I am embarrassed and ashamed that my fellow feminists and others have made this about everyone but the person it should have been about, and who effectively forced by friend to speak up as a trans ally instead of being able to focus on her own healing.

So here’s what she had to say:

TO all of the people who deny the personhood and womanhood of trans women,

I am the woman who was victimized by my former spouse. She recently pled guilty to two misdemeanors for domestic violence. The news about her crime has been commented on by people for whom her trans status and her genitals seem to be of utmost importance, and who want to use my ex as a way to somehow “prove” that she’s really a man and in turn that her bad behavior somehow means that all trans women are “really” men (and that all men are, in turn, incorrigibly violent and likely to rape).

My own voice has been drowned out in all this, so I wanted to say a few words.

You are so focused on history and the genitals of the person who violated me. It’s literally the loudest conversation out there, drowning out the actual victim’s story – MY STORY. It is also, GROSSLY missing the point. I’m calling you a “hate group” because your anger regarding the violence against women perpetrated by men has so taken over your brain that your hairtrigger hatred automatically pounces on ANY OPPORTUNITY to denounce trans women as men, and to denounce men for how horrible they are.

My case is not about the genitals of my wife. Her chromosomal structure and genital configuration and that she was assigned male at birth have got NOTHING TO DO with the sexual violation of my body. Why does it matter if she used her penis or even has one? WHO CARES?? You want so badly to create the “all men/penises are evil” platform, that you can’t see the anguish your comments cause me, the victim, and other victims of sexual abuse.

The CRIME here was not her gender configuration. What if she had XX chromosomes or a vagina? What if she had used a carrot? A bamboo plant? A fist, a dildo, or ANY OTHER BODY PART OR OBJECT? The CRIME was the sexual violation of my body by someone I loved, who was under the influence of alcohol. THAT should be the focus of this conversation, not the instrument used.

I’ve always supported my wife’s transition. I didn’t know her as a man for long, but it didn’t matter to me because I loved who she was and didn’t mind what form her body took: I knew that I would love her body forever. She was a gentle, sweet, vulnerable person. It’s one of the things I loved about her. She was the most considerate intimate partner I had ever had. She was a far cry from my previous marriage, where a cisgender male did indeed commit all the crimes you would attribute to a male abuser. He was all the horrible things without the alcohol.

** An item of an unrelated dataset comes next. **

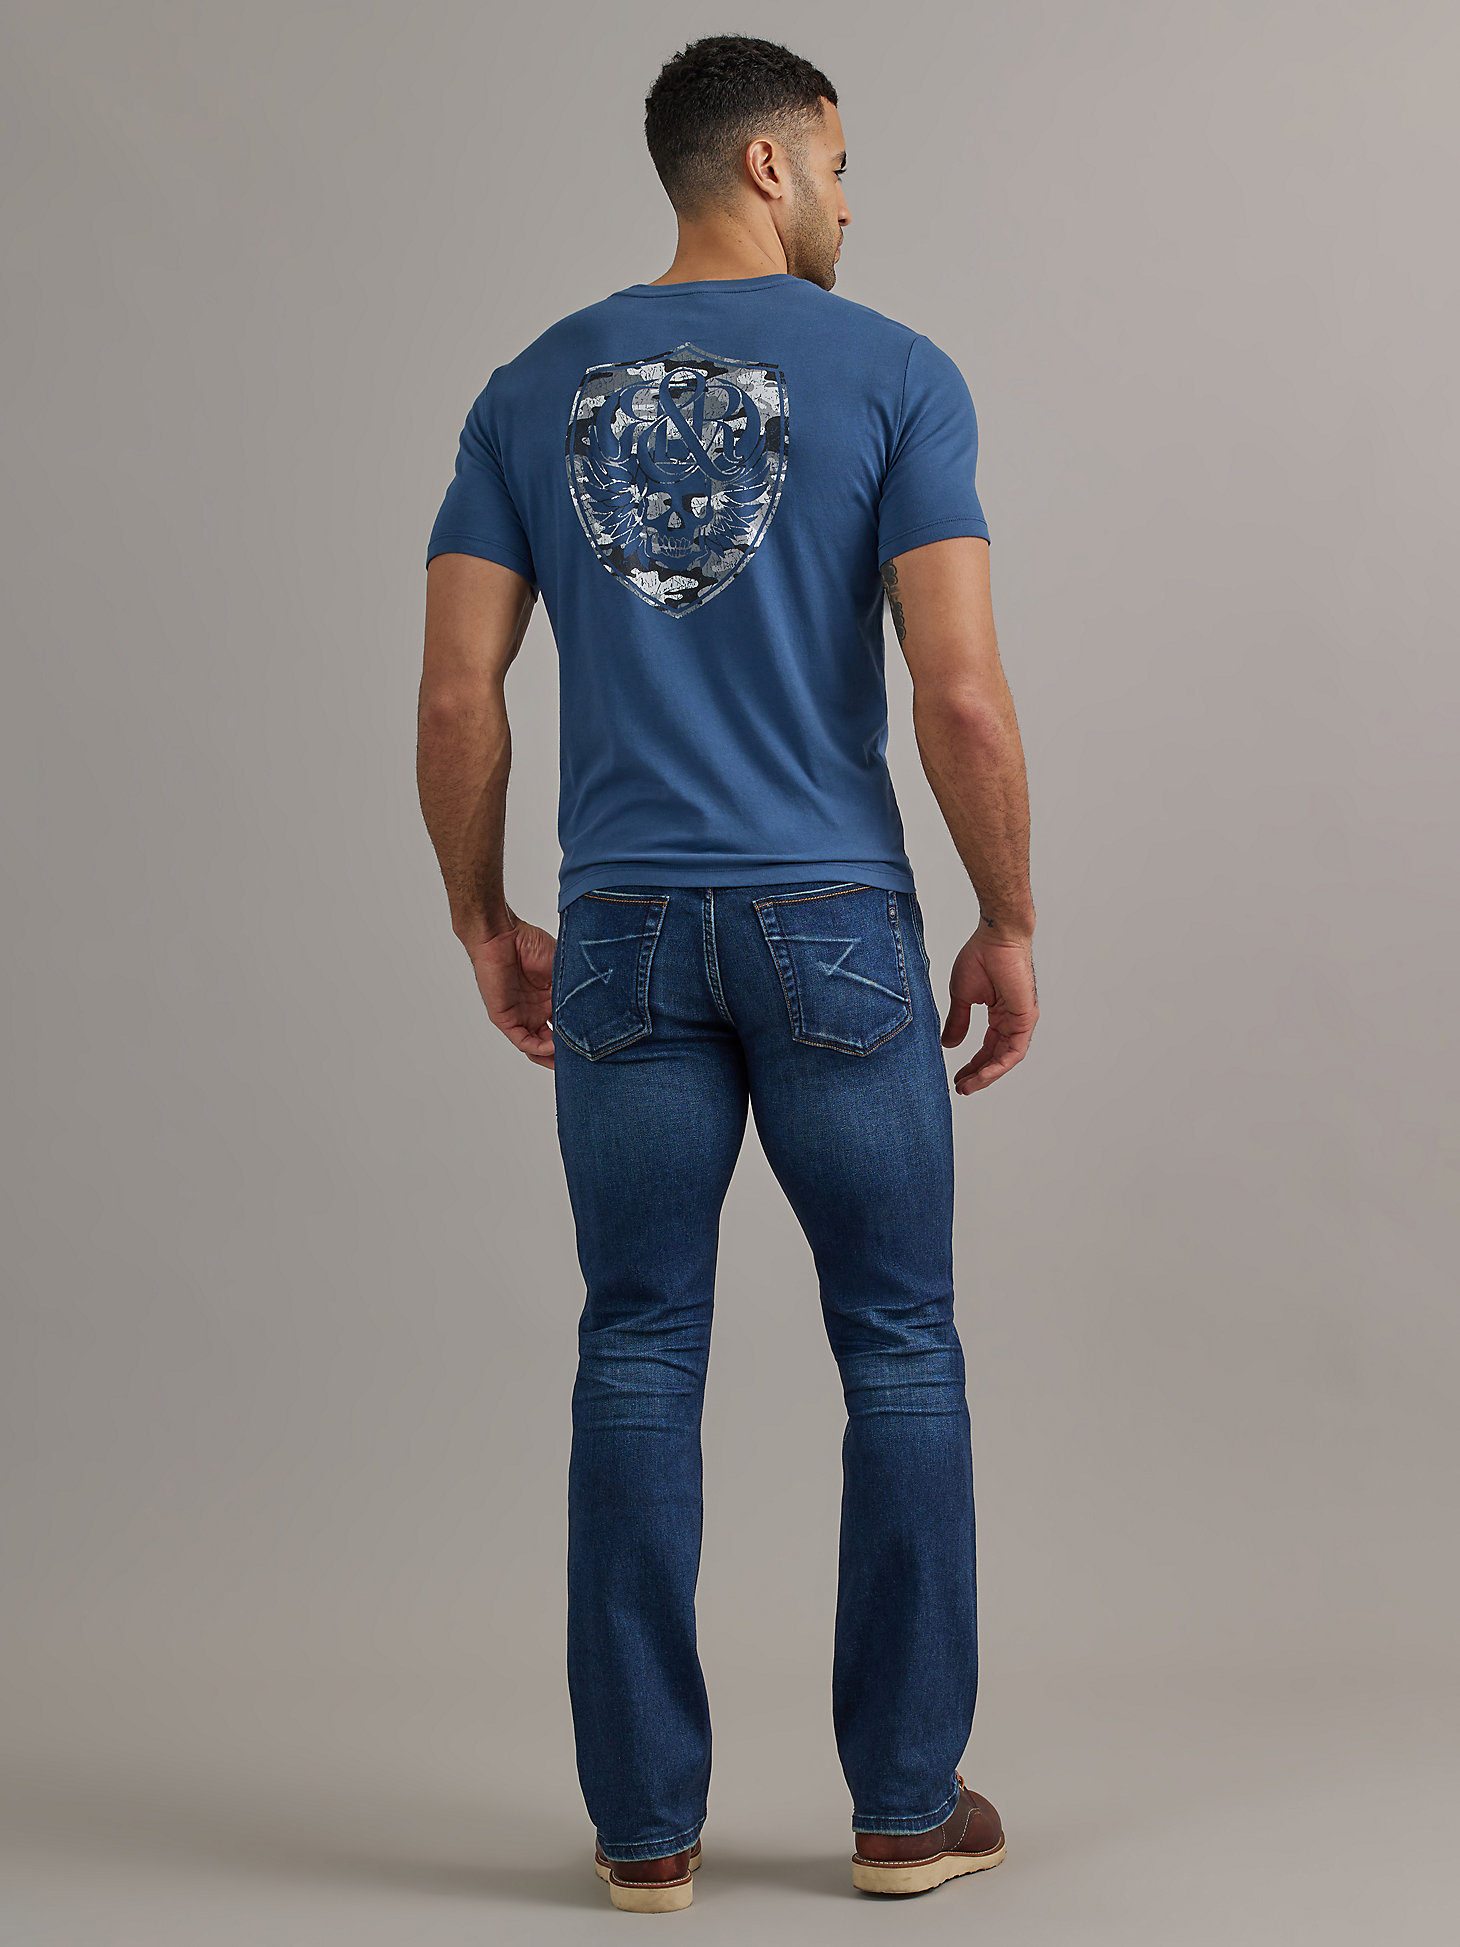 Men's Henlee Bootcut Jean in Hall of Fame alternative view 1

I loved our intimate relationship. That’s what makes this crime particularly horrifying. It was something I LOVED. Something we BOTH loved. It wasn’t her genitals that caused the crime. Even during the assault, she was saying I was beautiful, over and over. She didn’t even know what she was doing. It was like she wasn’t THERE. She wasn’t angry or saying horrible things. On the contrary. But that was the real mind fuck. When I told her to stop and that we weren’t going to be doing that this time, and that she would regret it in the morning, she just said, “No I won’t”, like ‘don’t be silly’, and she didn’t stop. And she wouldn’t stop. And she kept hurting me. And hurting me. She was someone else then.

Because she would have never done this sober.

I am not saying that her addiction is an excuse, but I can’t ignore the horrible effects of it, either. Ask anyone who has had a DUI or done something else horrible while under the influence. The problem is when that usually wonderful person is dangerous when under the influence. They must be held accountable for their behavior. As far as I’m concerned, her crime began that night with her first drink.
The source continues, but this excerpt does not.